## Work task
Once the images are set aside, output the listing exactly as it stands.

## Collected data
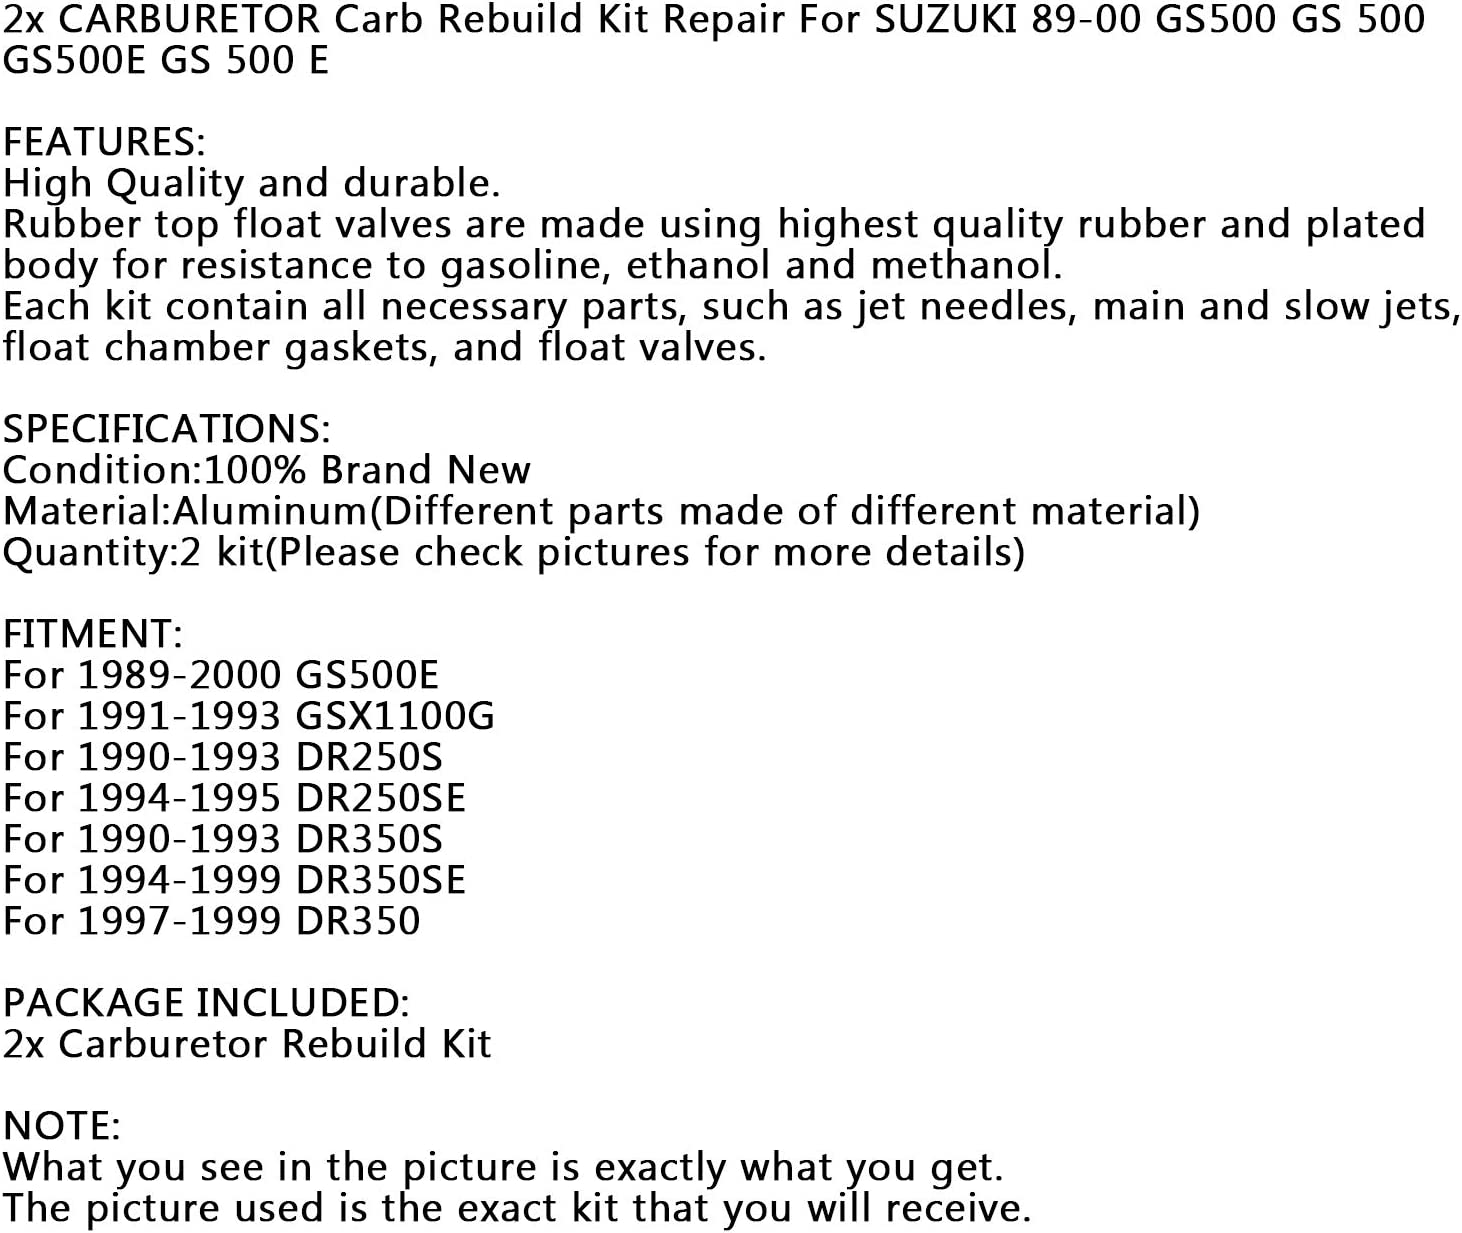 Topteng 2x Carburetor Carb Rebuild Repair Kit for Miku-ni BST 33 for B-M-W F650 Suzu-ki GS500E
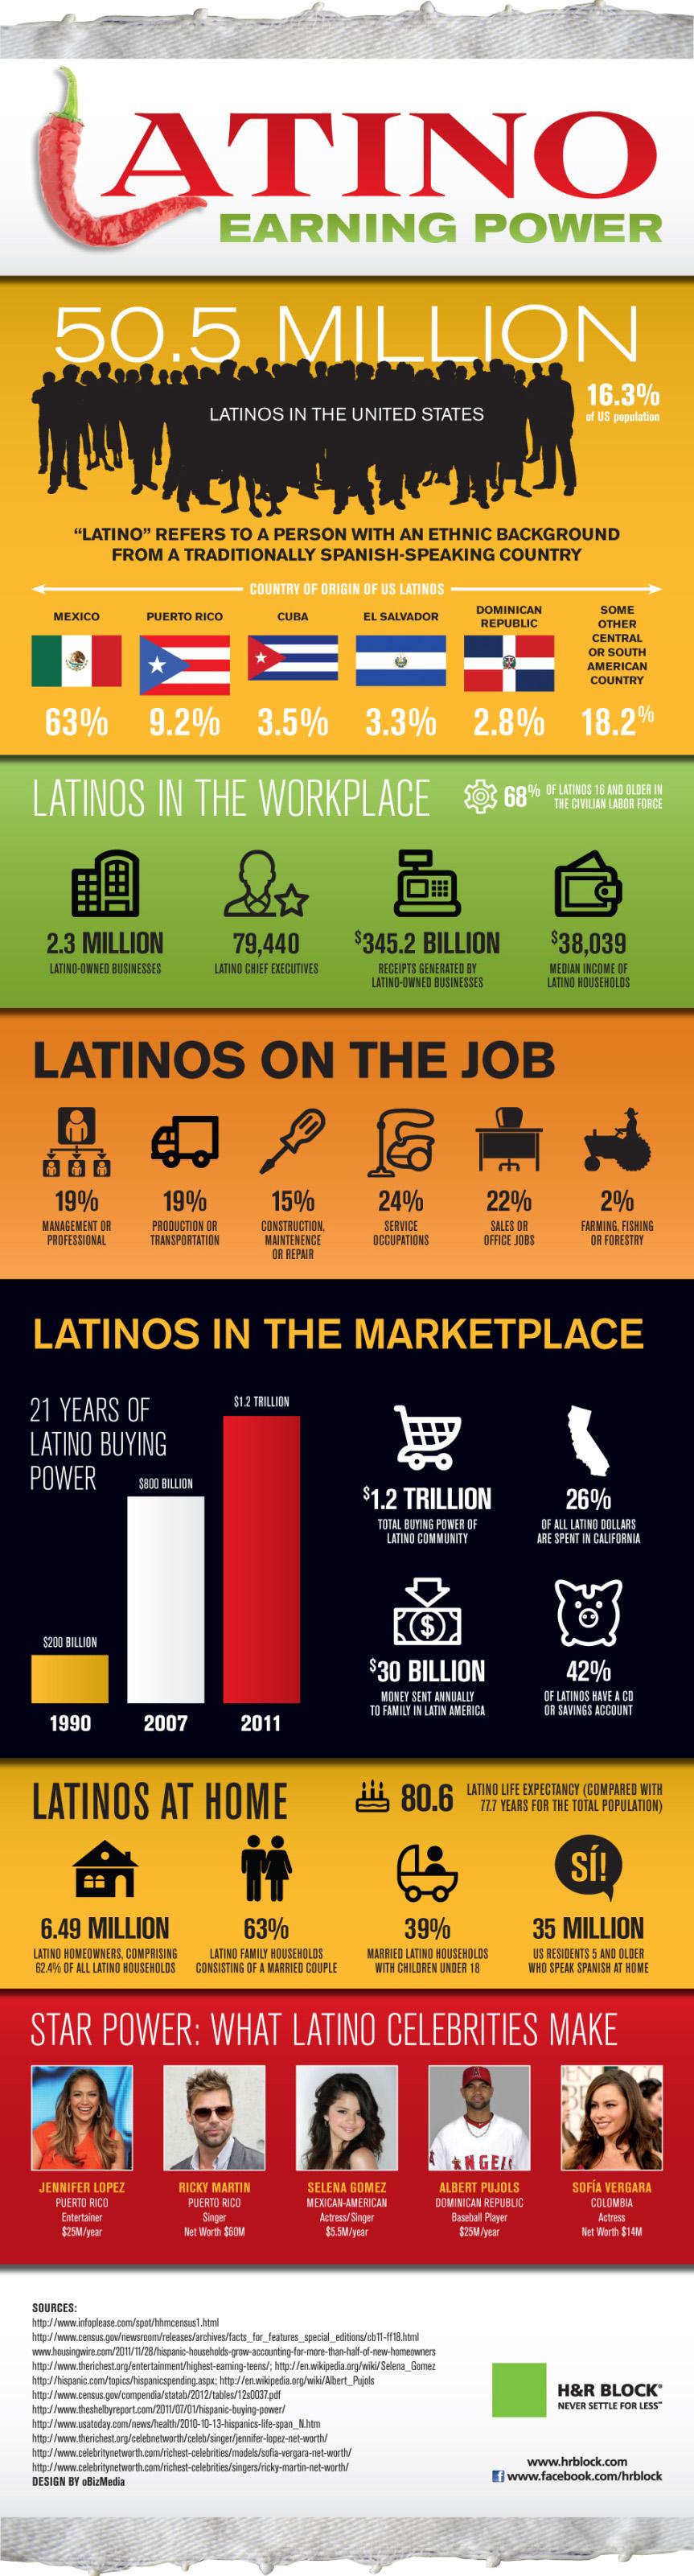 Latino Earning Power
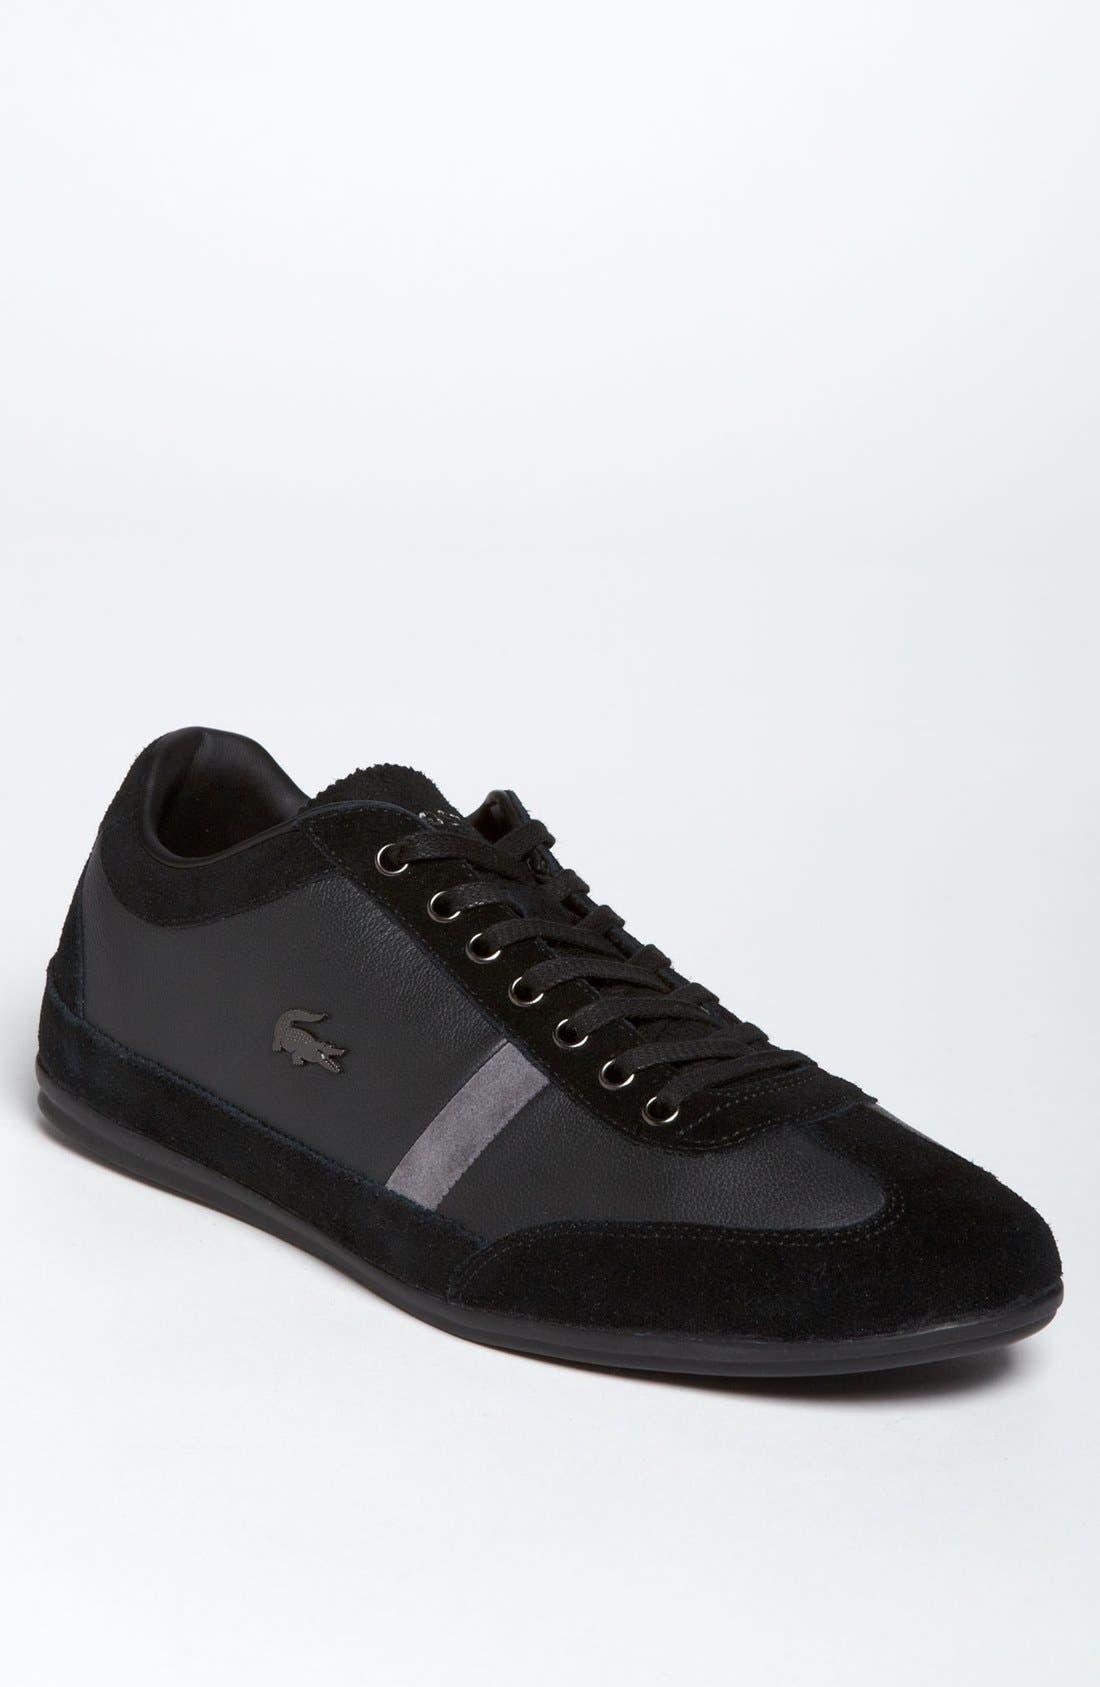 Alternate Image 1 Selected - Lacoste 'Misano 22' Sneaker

## Response for this exercise
 Topteng 2x Carburetor Carb Rebuild Repair Kit for Miku-ni BST 33 for B-M-W F650 Suzu-ki GS500E
 Latino Earning Power
 Alternate Image 1 Selected - Lacoste 'Misano 22' Sneaker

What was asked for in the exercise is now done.